**Data segment:**
+-------+
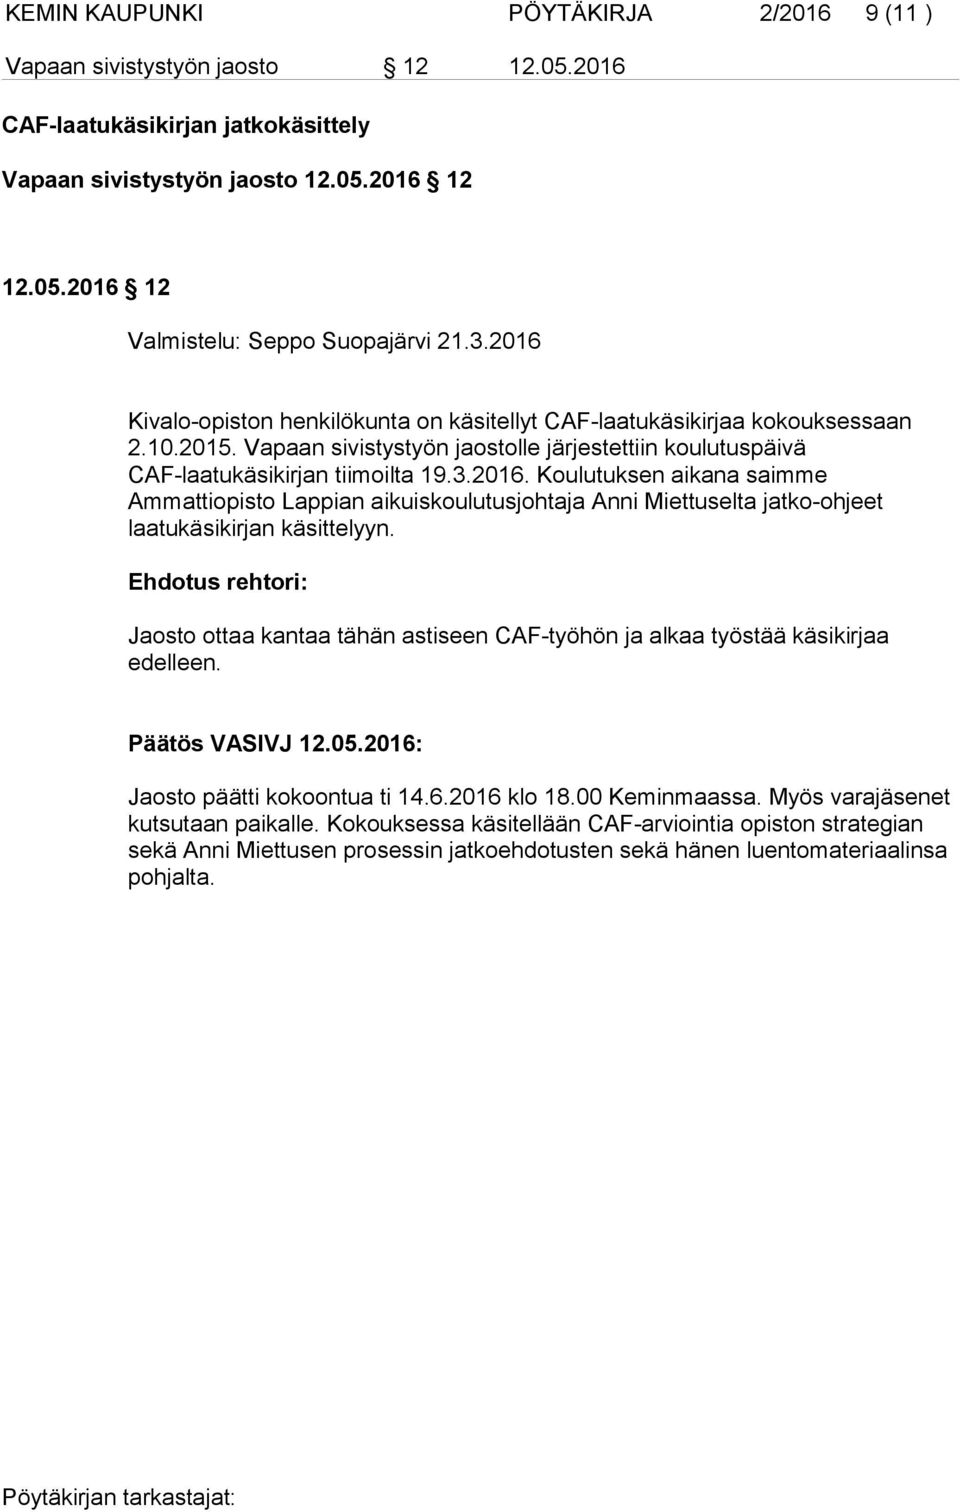 Ehdotus rehtori: Jaosto ottaa kantaa tähän astiseen CAF-työhön ja alkaa työstää käsikirjaa edelleen. Päätös VASIVJ 12.05.2016: Jaosto päätti kokoontua ti 14.6.2016 klo 18.00 Keminmaassa.
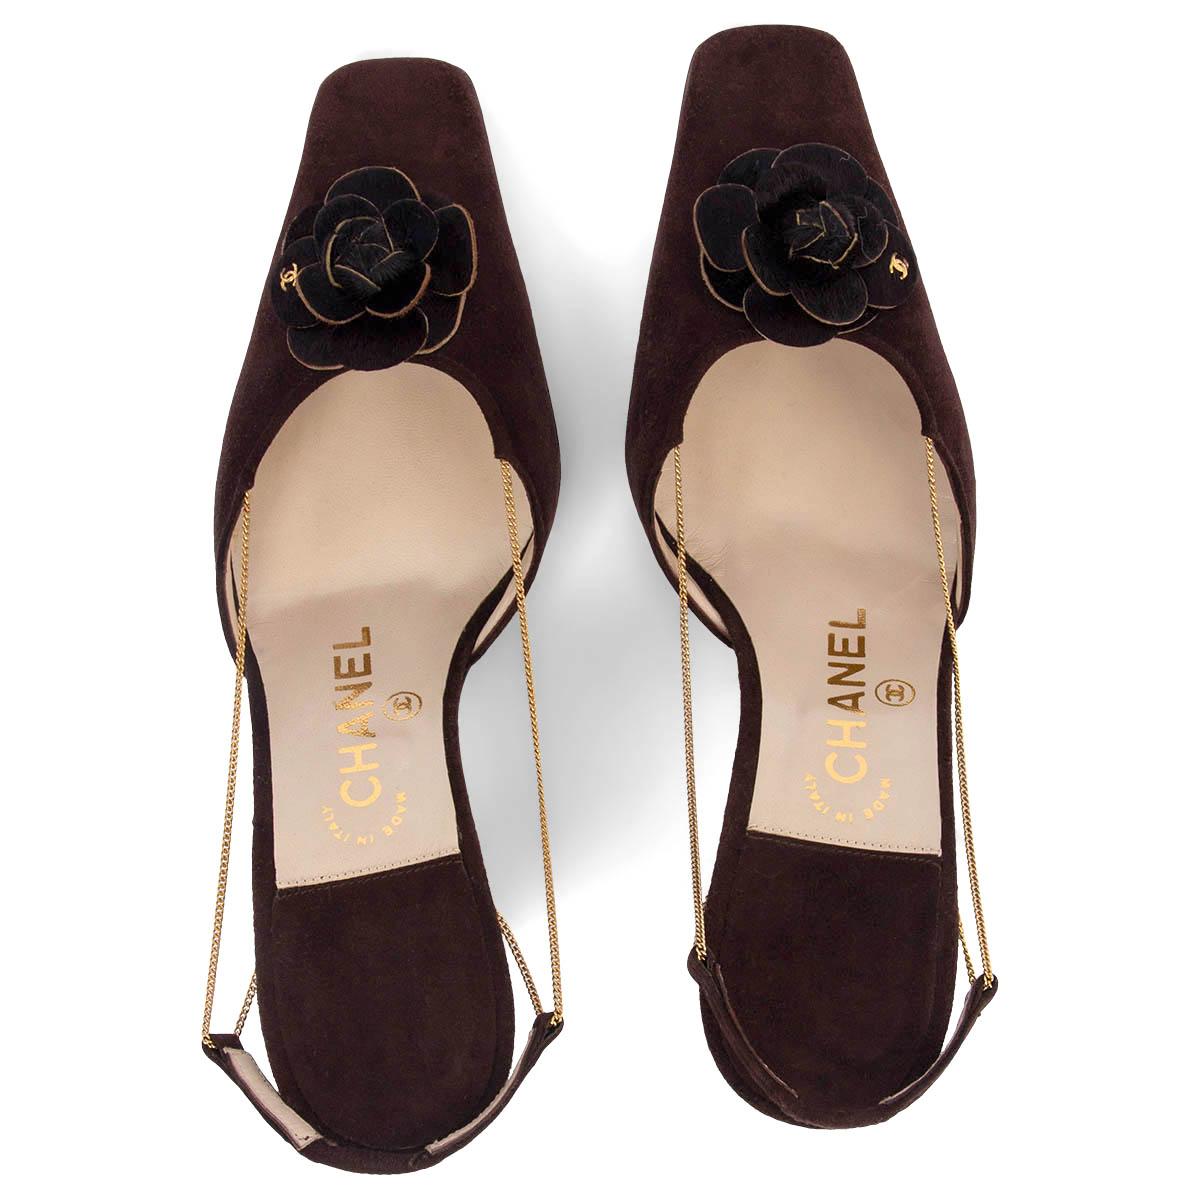  CHANEL daim marron CHAIN SLINGBACK CAMELLIA Chaussures 38.5 Pour femmes 
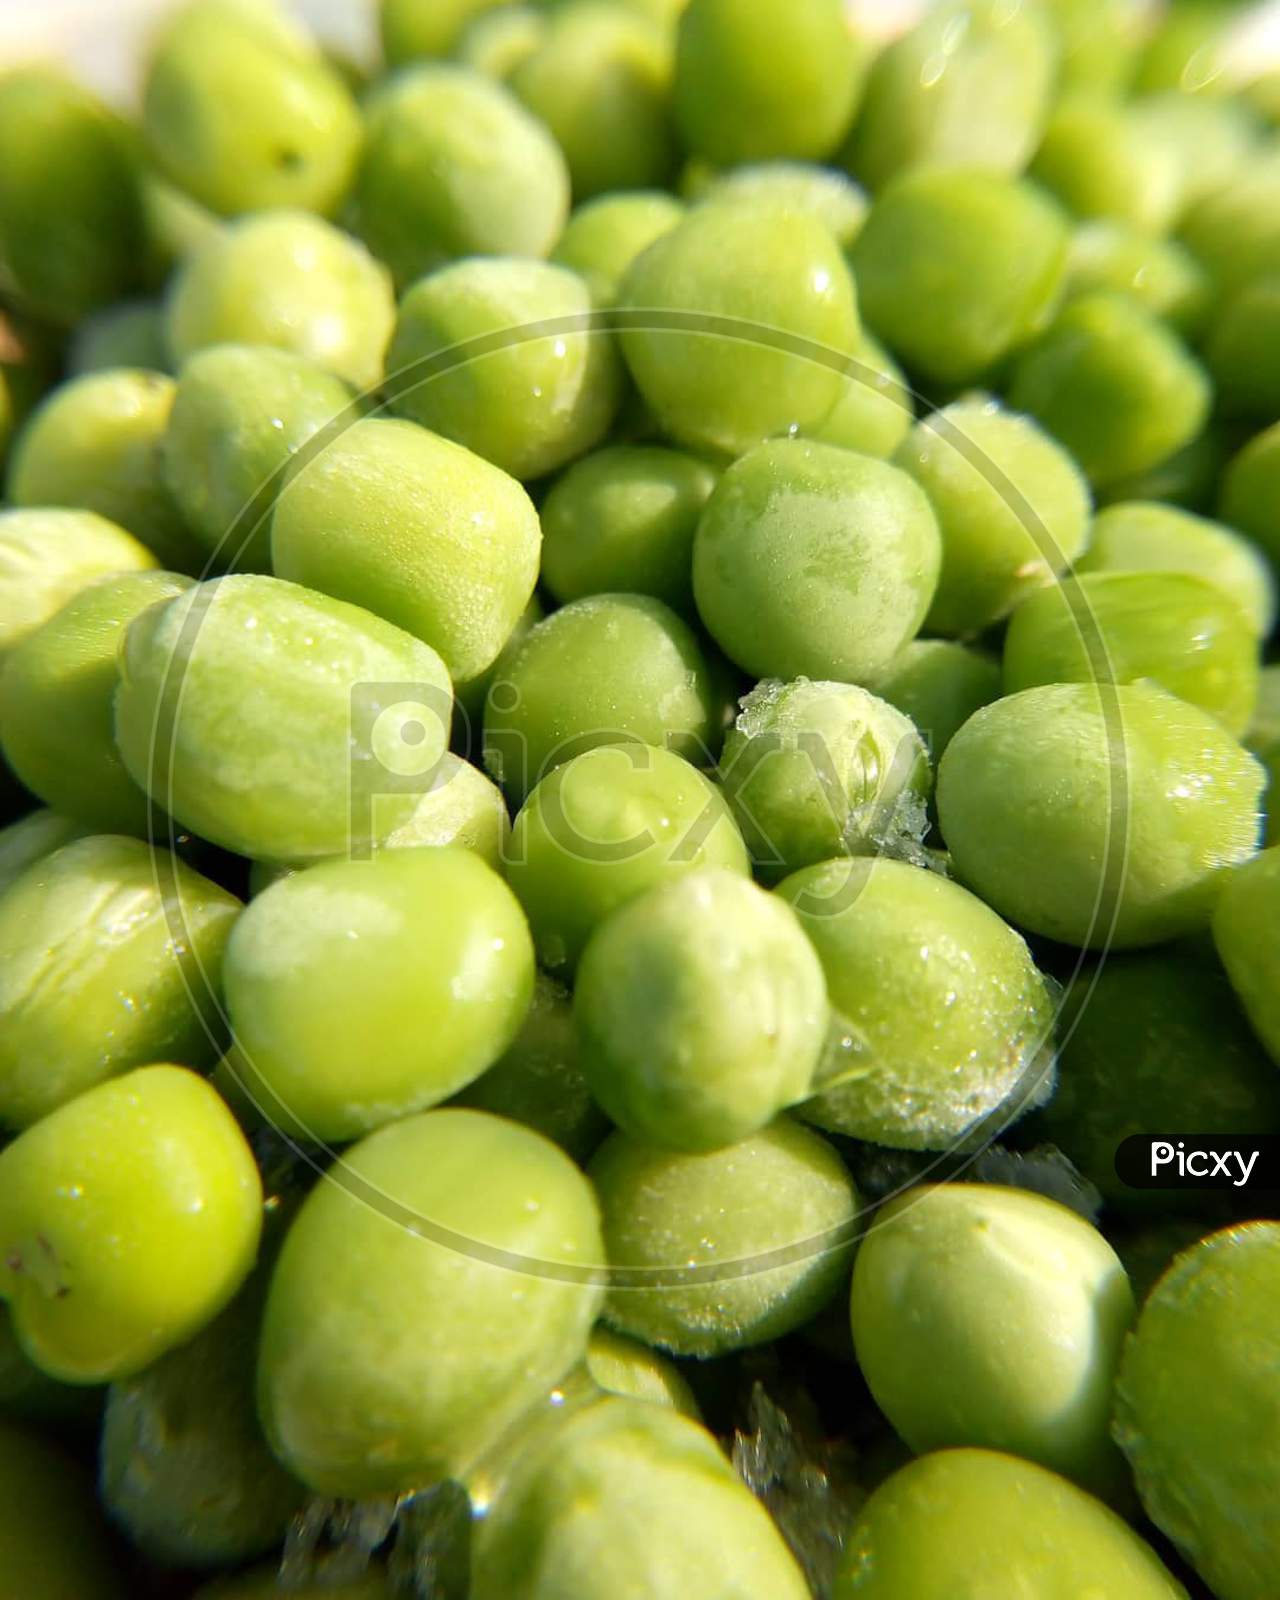 Freezed green peas in bulk in heap
+-------+
**Work order:**
No picture is to be included when the lines from the one containing "CHANEL daim marron" through the end of the material above are output exactly; nothing else is written.

**Response area:**
  CHANEL daim marron CHAIN SLINGBACK CAMELLIA Chaussures 38.5 Pour femmes 
 Freezed green peas in bulk in heap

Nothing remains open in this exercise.